SAN ANTONIO — A federal judge in Texas on June 5 issued an order abating an insurance breach of contract and bad faith lawsuit, pending the outcome of one or more cases pending in the Texas Supreme Court dealing with the same issues, ruling that doing so will allow the court to “apply the highest court of the state’s precedent to state law” (Kitty Salinas v. State Farm Lloyds, No. 17-1001, W.D. Texas, 2019 U.S. Dist. LEXIS 104677).

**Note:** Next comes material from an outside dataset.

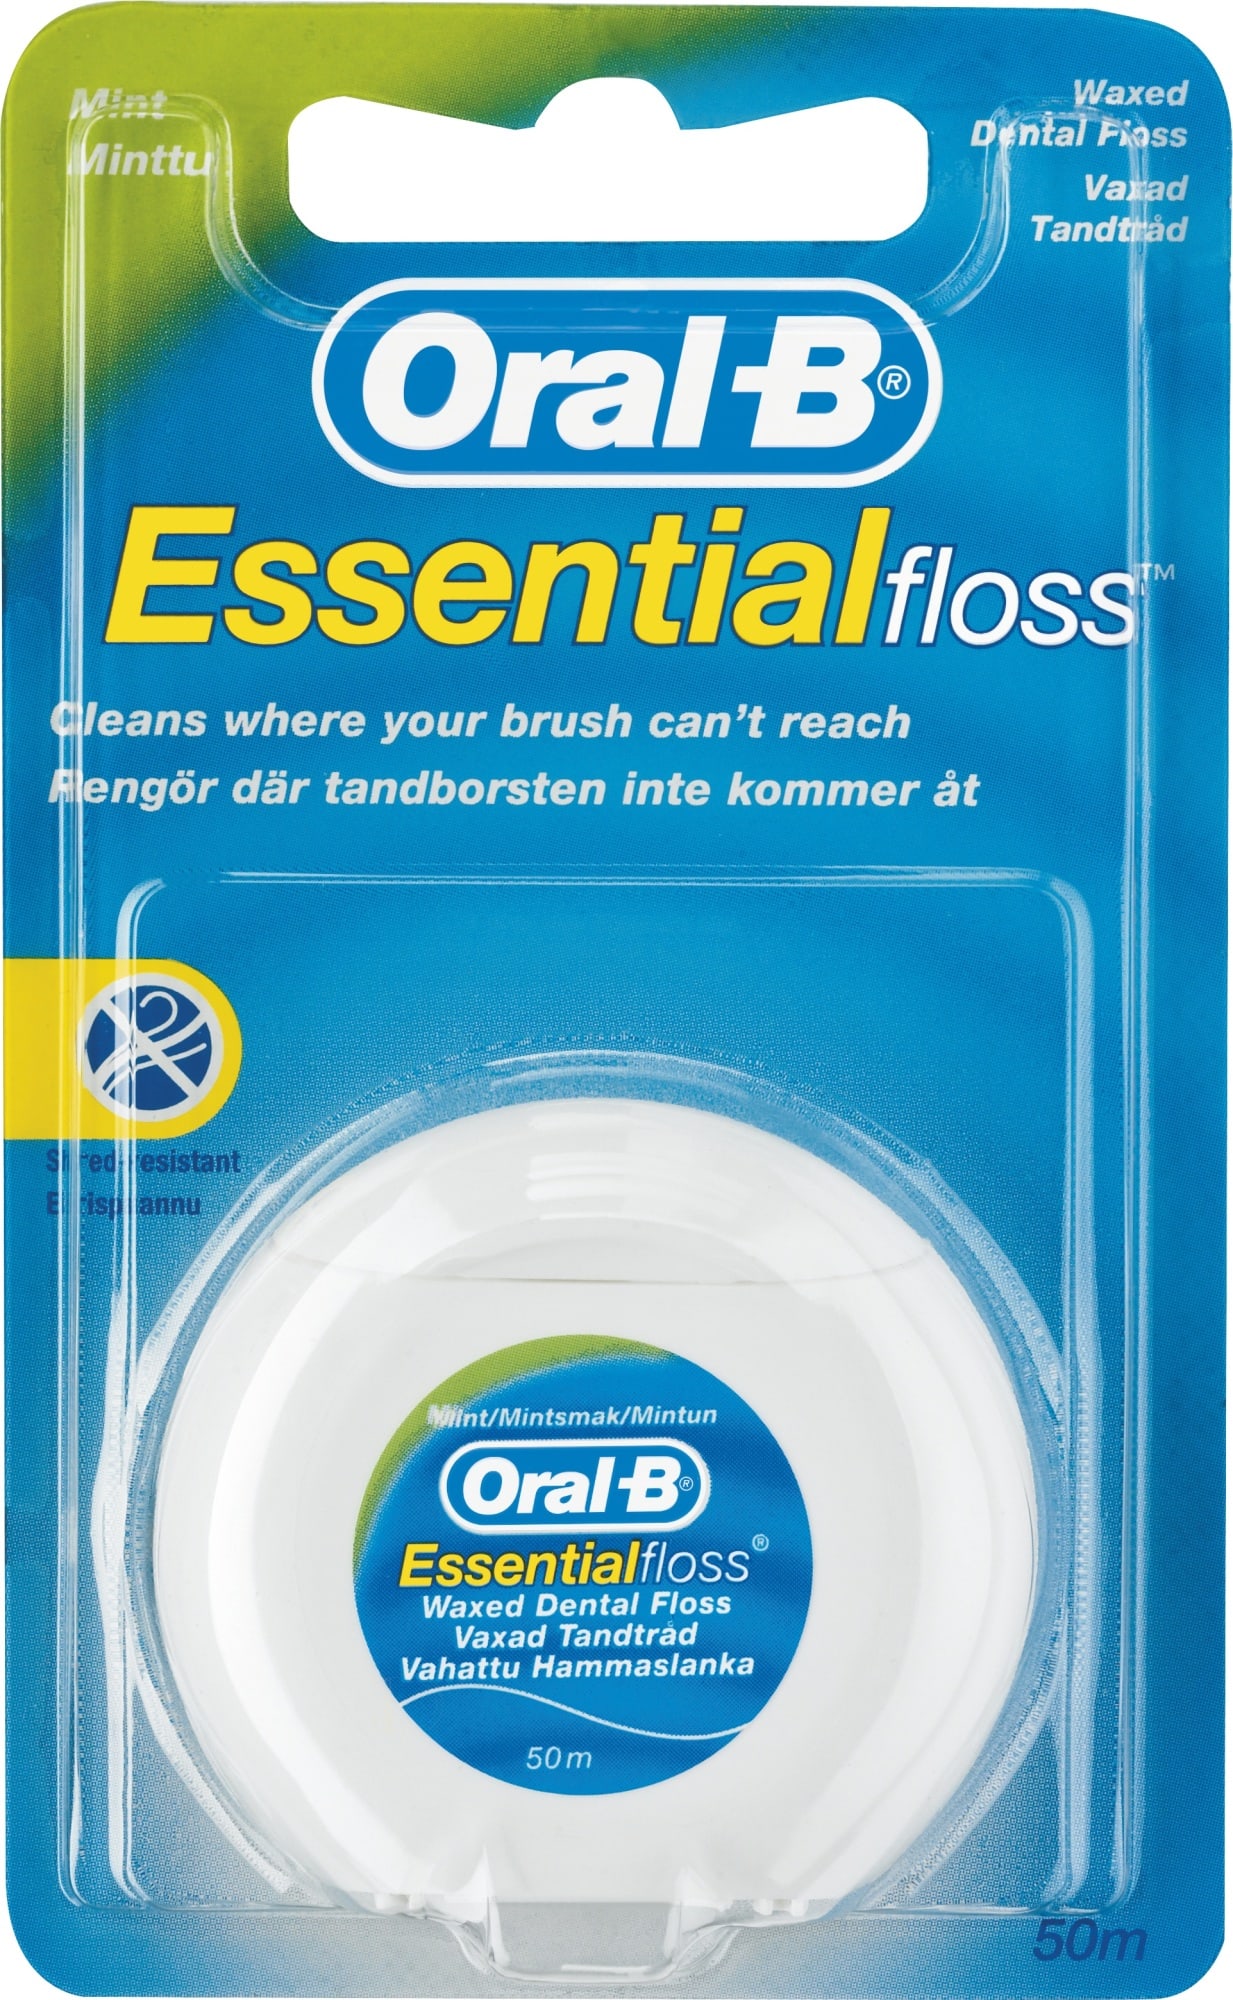 oral-b-essential-floss-mint-50-m-hammaslanka-karkkainen-verkkokauppa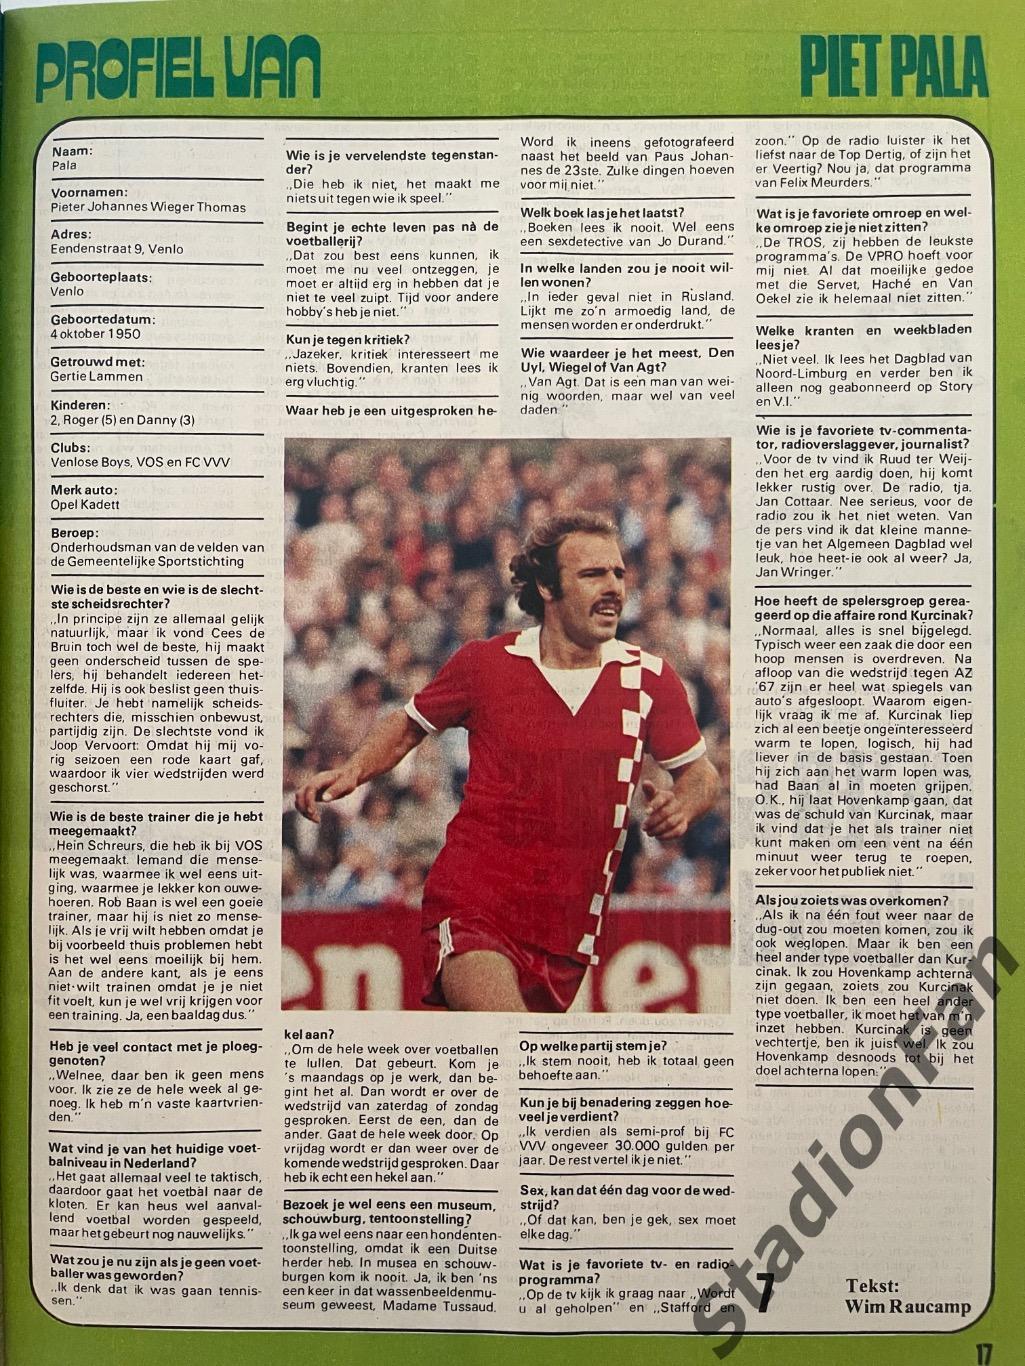 Журнал Voetbal nr.38 - 1977 год. 2

FRANKFORT, Ky. — A trial court did not err in entering summary judgment in favor of an insurer on a third-party bad faith claim because questions of fact existed regarding whether coverage was owed to the insured and whether the insured was liable for the auto accident that prompted the third-party plaintiff to file suit against the insurer, the Kentucky Court of Appeals said June 21 (Fred Messer v. Universal Underwriters Insurance Co., No. 2017-CA-293, Ky. App., 2019 Ky. App. LEXIS 107).
CHICAGO — The Seventh Circuit U.S. Court of Appeals on June 27 affirmed a lower federal court’s ruling that a professional liability insurer has no duty to indemnify an insured for a $1.3 million default judgment entered in favor of a condominium association in an underlying construction defects lawsuit (Essex Insurance Company v. Blue Moon Lofts Condominium Association, et al., Nos. 18-3443 and 18-3530, 7th Cir., 2019 U.S. App. LEXIS 19174).